- _WHAT THIS TASK INVOLVES_: Your copy begins at the line with "Latin Lover Basic Pocket Pine Green T-shirt" and runs through the end of the data below. Set down only those lines exactly, without pictures.

- _AVAILABLE DATA_:
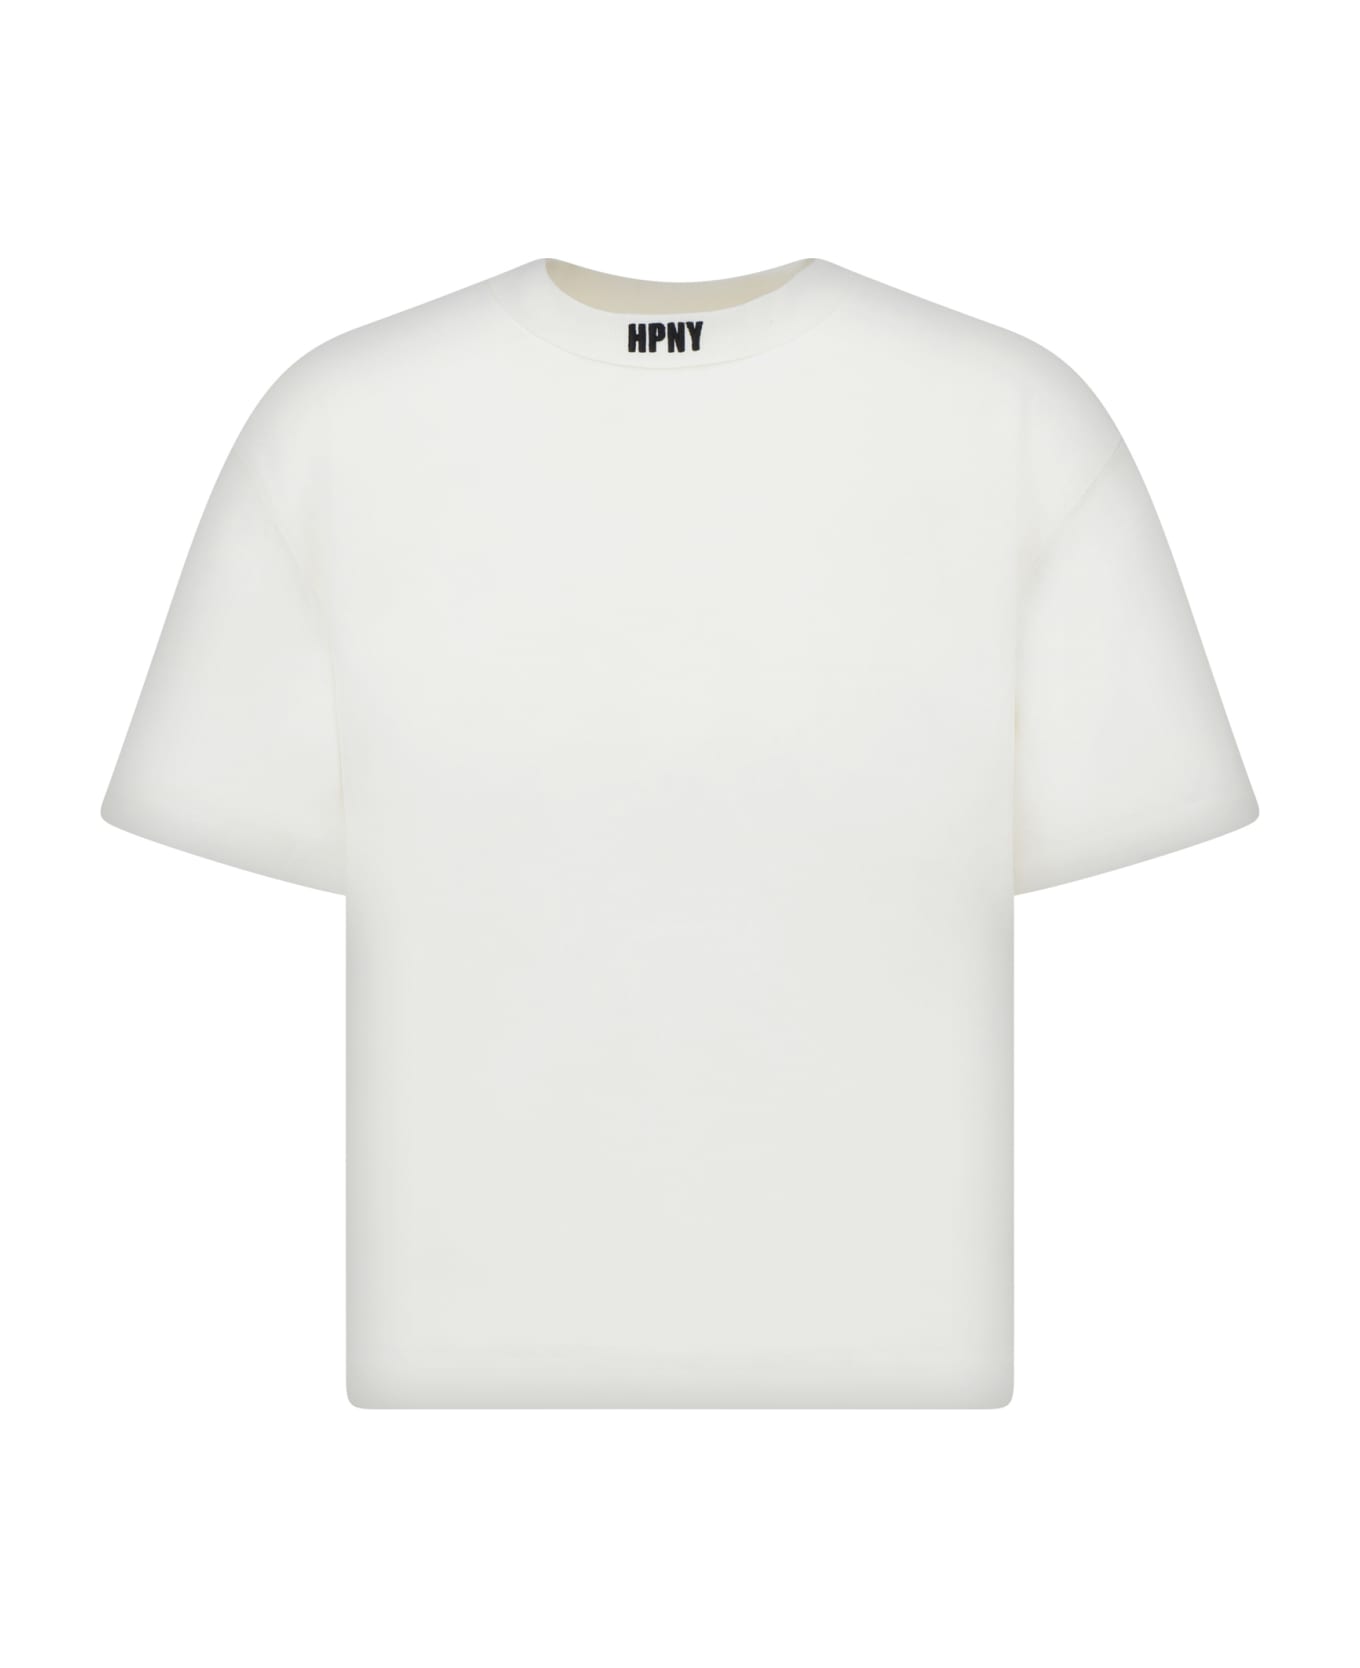 HERON PRESTON T-shirt - White Black
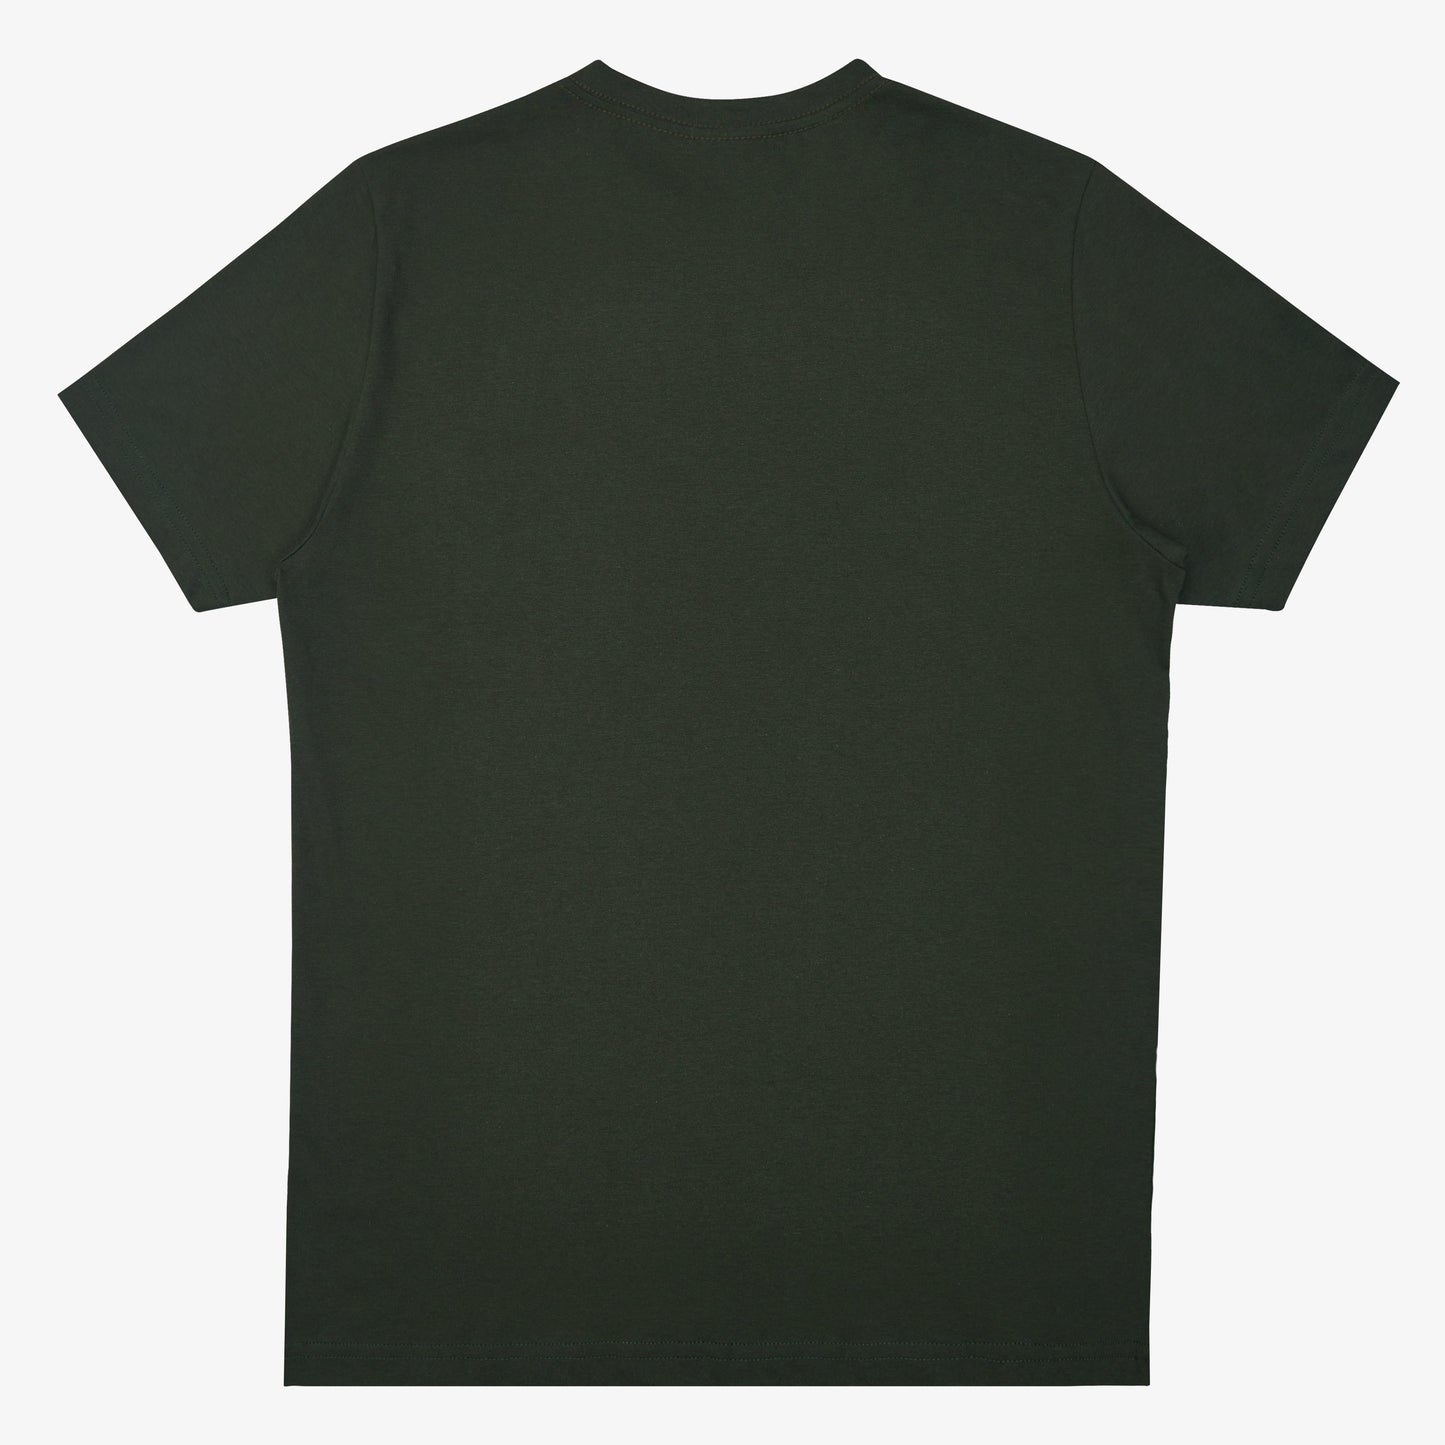 Latin Lover Basic Pocket Pine Green T-shirt
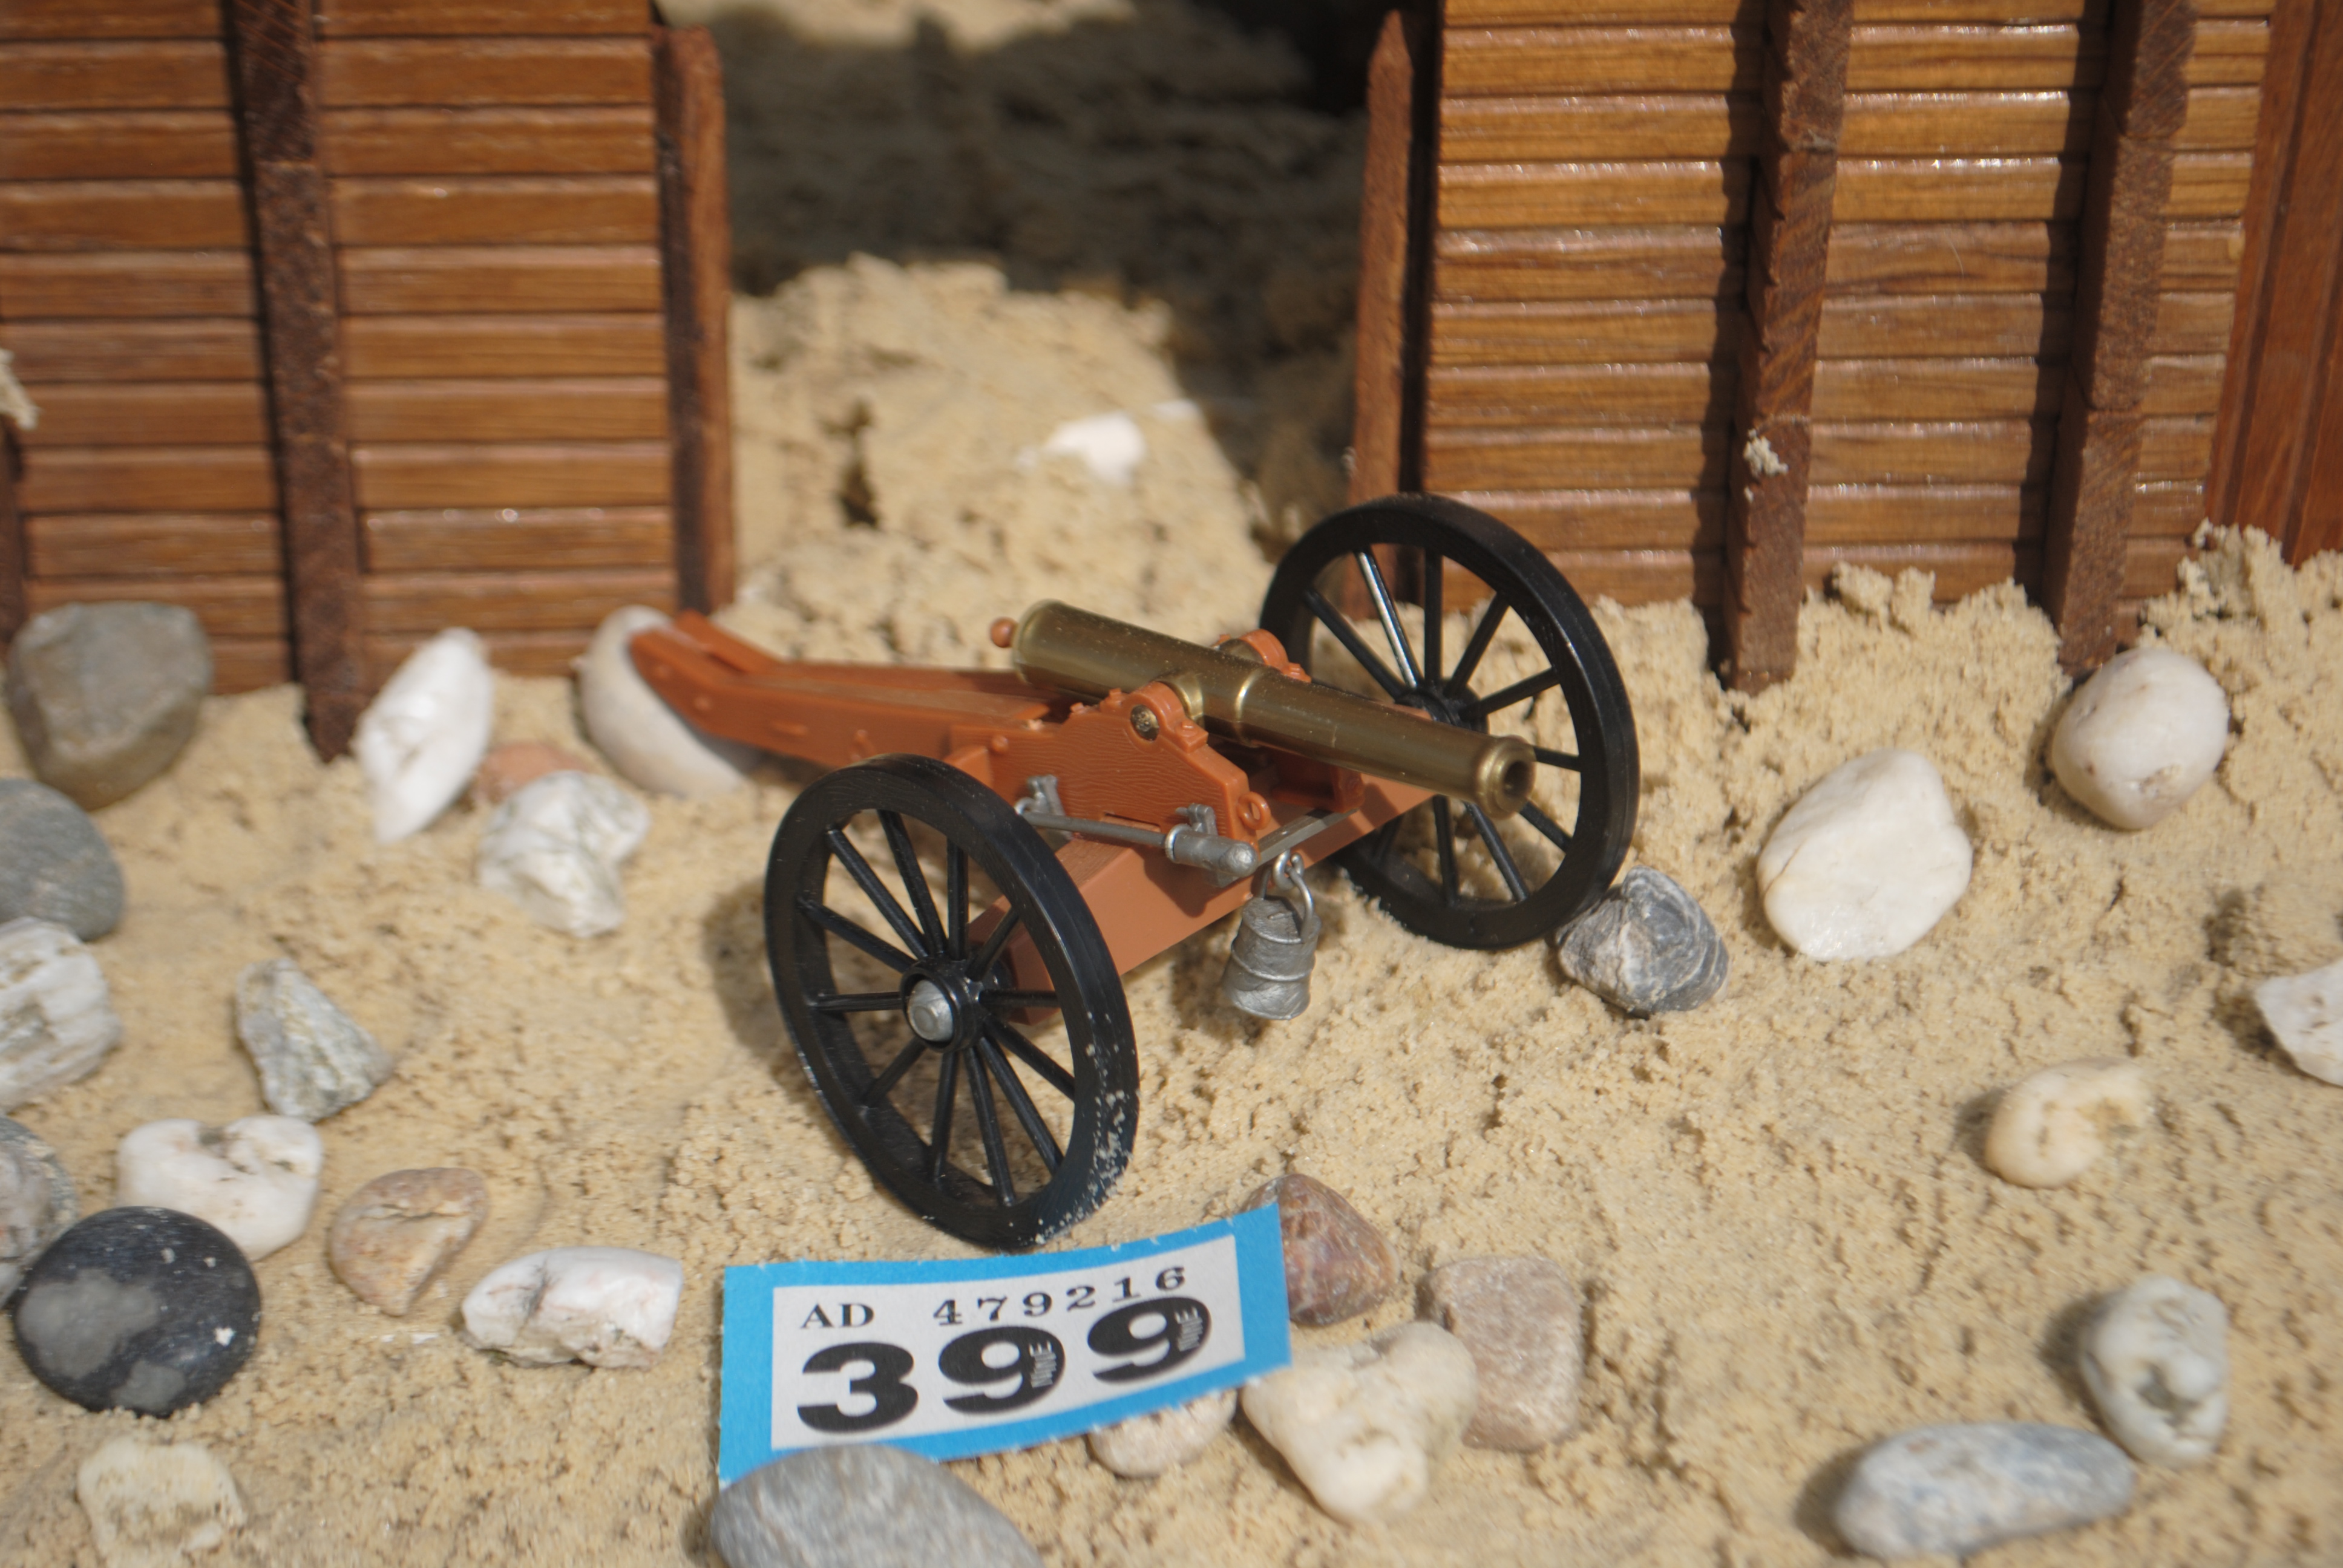 Timpo Toys B.399 American Civil War 6 POUNDER FIELD GUN CANNON ARTILLERY PIECE

- _EXERCISE OUTPUT_:
 Latin Lover Basic Pocket Pine Green T-shirt
 Timpo Toys B.399 American Civil War 6 POUNDER FIELD GUN CANNON ARTILLERY PIECE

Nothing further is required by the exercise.